One exercise I try to do after finding bugs is to reflect on ways that the bug could have been avoided. I think this is particularly important in the JIT, where bugs are potentially really annoying to find and can cause very strange behaviour in basically arbitrary Python code.

It's easy to always answer this question with "try to think more carefully when working", but that approach cannot be relied on in complicated situations, because humans don't concentrate perfectly for long stretches of time.

A situation-specific problem I identified was the bad design of the range analysis API. A range is not just represented by two numbers, instead it's two numbers and two bools that are supposed to represent that some operation did or did not underflow/overflow. The meaning of these bools was quite hard to grasp and easy to get wrong, so probably they should never have been introduced in the first place (and my bugfix indeed removed them).

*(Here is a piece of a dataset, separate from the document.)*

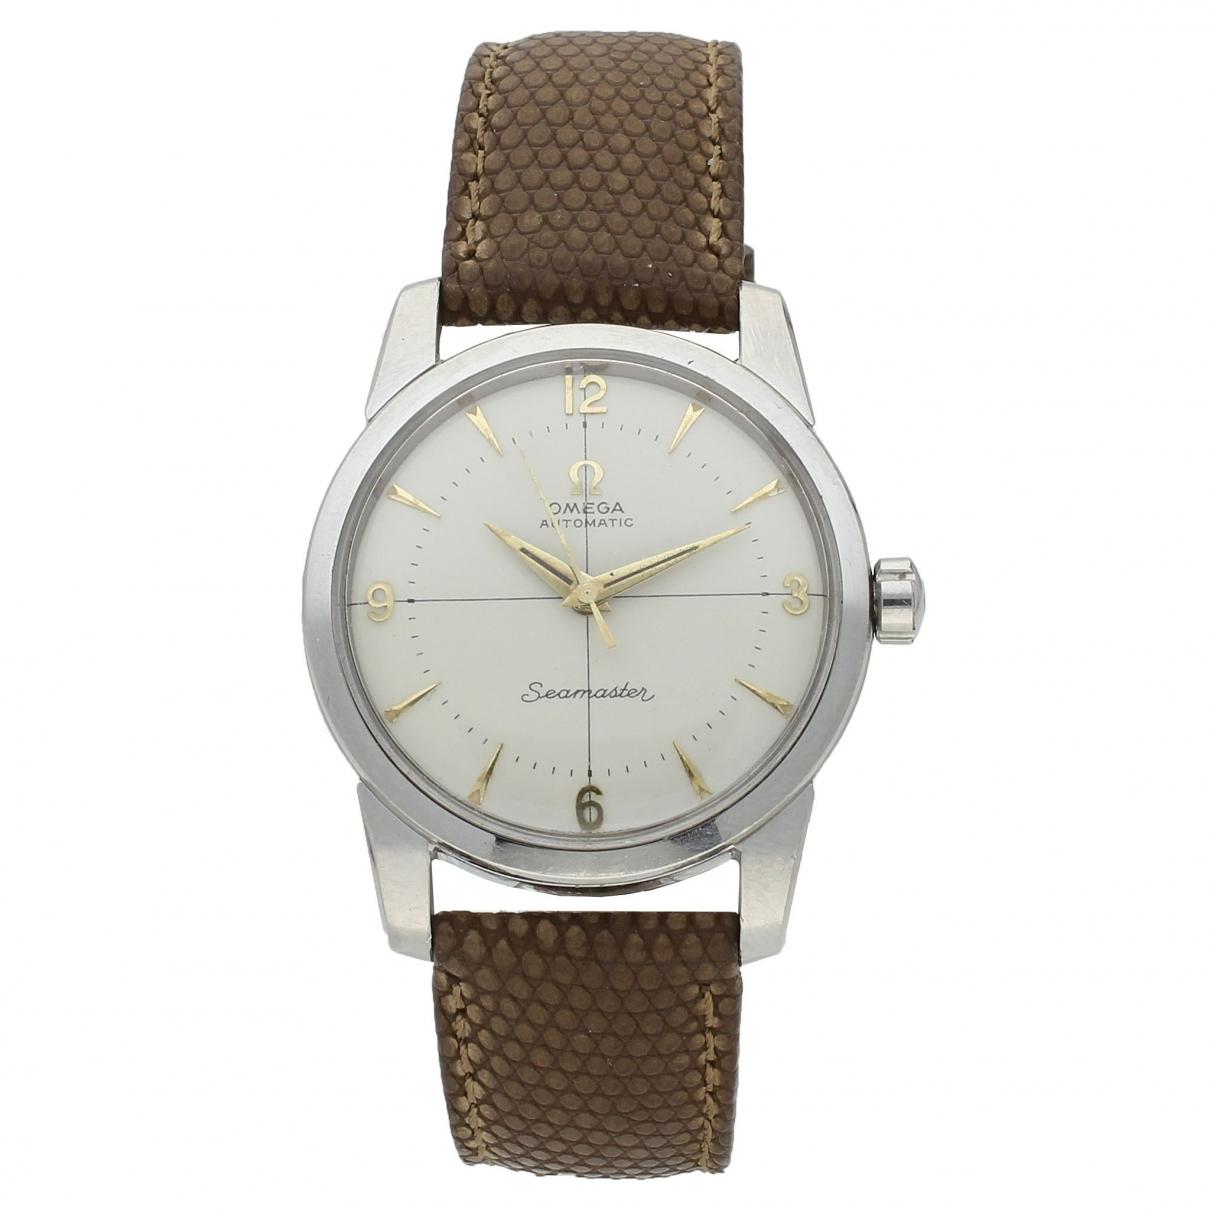 Omega Seamaster Uhr in  Gold Stahl

But in the rest of this blog post I want to talk about another, systematic approach that can be applied to the problem of mis-optimizations of integer operations, and that is done by applying an SMT solver to the problem.

An SMT solver (Satisfyability Modulo Theories) is a tool that can be used to find out whether mathematical formulas are "satisfiable", i.e. whether some chosen set of inputs exists that will make the formulas evaluate to true. SMT solvers are commonly used in a wide range of CS applications including program correctness proofs, program synthesis, etc. The most widely known one is probably Z3 by Microsoft Research which has the nice advantage of coming with an easy-to-use Python binding.

Going into this I basically knew next to nothing about SMT solvers (despite having been embedded in a formal methods research group for years!) so it was an interesting new world to learn about.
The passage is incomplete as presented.